Looking back, we will look at innodb_flush_log_at_trx_commit configuration is better understood. Why O_DIRECT IO directly bypassing the page cache / buffer cache ever need to fsync (), it is to put inode cache directory cache and metadata are flushed to the storage device.
And because updating the kernel and file system, the file system can guarantee some assurance in O_DIRECT mode without fsync () to synchronize the metadata will not cause data security issues, so InnoDB also provided O_DIRECT_NO_FSYNC way.
Of course, O_DIRECT to read and write are effective, especially for reading, it can ensure that read data is read from the storage device, rather than the cache. Avoid data cache data and storage devices is inconsistent (ie you by DRBD block device will update the underlying data, and for the non-distributed file system cache contents and storage devices on inconsistent data) . But we are here focused on the buffer (write buffer), it is not discussed in depth. This problem.
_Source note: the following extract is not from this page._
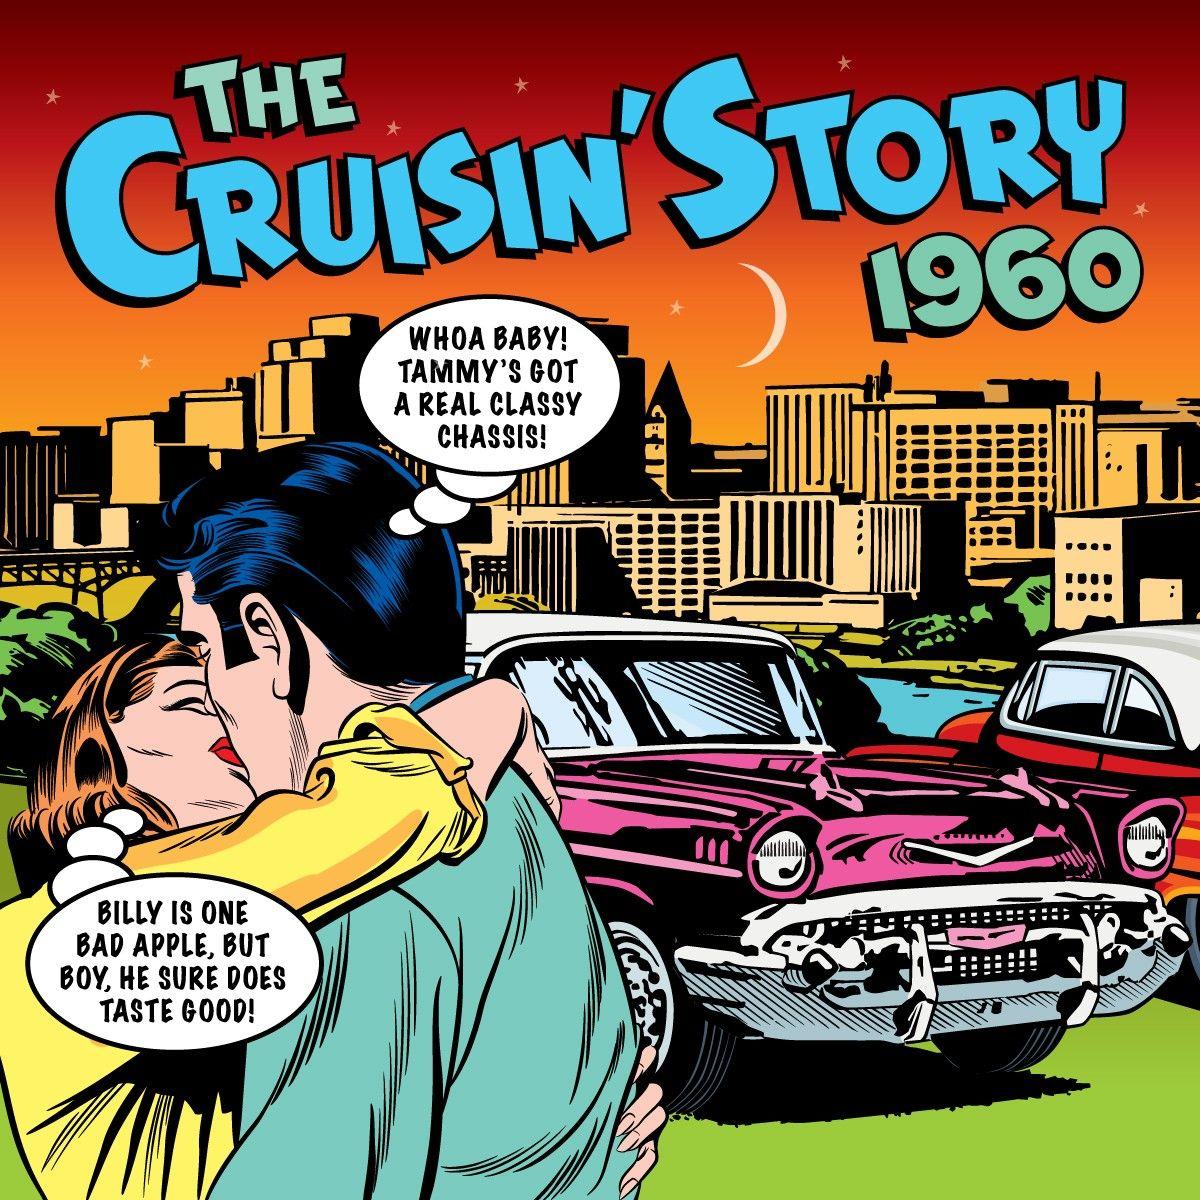 2011 The Cruisin' Story 1960 (2LP) [One Day Music

O_DIRECT advantages and disadvantages
Most
of the recommended innodb_flush_method parameter values are
recommended to use in O_DIRECT, even in percona server branch also
provides ALL_O_DIRECT, also used for the log file is opened O_DIRECT.
Advantages:
-
Saving operating system memory: O_DIRECT bypass the page cache / buffer
cache, thus avoiding InnoDB read and write data in operating system
takes up less memory, the more memory to leave a innodb buffer pool to
use.
- Saving CPU. In addition, the memory storage device to transfer mode mainly poll, interrupt and DMA mode. Use O_DIRECT way to make use of the operating system prompt DMA mode for storage devices operate, saving CPU.
Weaknesses
- Byte alignment.
O_DIRECT way required to write data, the memory is byte-aligned
(aligned manner depending on the kernel and file system being used). This requires data at the time of writing need additional alignment operation. Via / sys / block / sda / queue / logical_block_size know aligned size, usually 512 bytes.
- IO can not be merged.
O_DIRECT bypassing the page cache / buffer cache to write directly to
the storage device, so that if the same piece of data can not be hit
repeatedly written in memory, page cache / buffer cache to write the
function can not be merged into effect.
- Lower sequential read and write efficiency.
If you use O_DIRECT to open a file, the read / write operations will
skip the cache, the read / write directly on the storage device.
Because there is no cache, so the sequential read and write file usage
efficiency O_DIRECT this small IO requests is relatively low.
In general, use O_DIRECT to set innodb_flush_method not 100% of all applications and scenarios are applicable.
Storage Controller Layer
The
layers are placed in the corresponding buffer memory controller
on-board cache, and its main purpose is to buffer data in memory
controller layer to avoid slow block device reads and writes affect the
response time of the IO. When data is fsync () and other brush to the storage layer, it is first sent to the storage controller layer. Common storage controller is Raid card, and now most of the Raid card has 1G or greater storage capacity.
This buffer is generally volatile memory, through the onboard battery /
capacitor to ensure that the data "volatile memory" of power after the
machine will still be synchronized to the underlying disk storage media.
About storage controller we have some aspects to note:
- write back / write through:
With respect to whether the buffer, the general storage controllers provide write back and write through two ways.
Under write back mode, the operating system writes data requests
submitted written directly to buffer it returns success; in write
through mode, the operating system writes data submitted written request
must be true underlying disk media before returning success.
- Battery / capacitor differences:
In order to guarantee that power down the machine data in the
"volatile" buffer can be instantly updated to the underlying disk media,
there is a battery / capacitor to ensure the storage controller.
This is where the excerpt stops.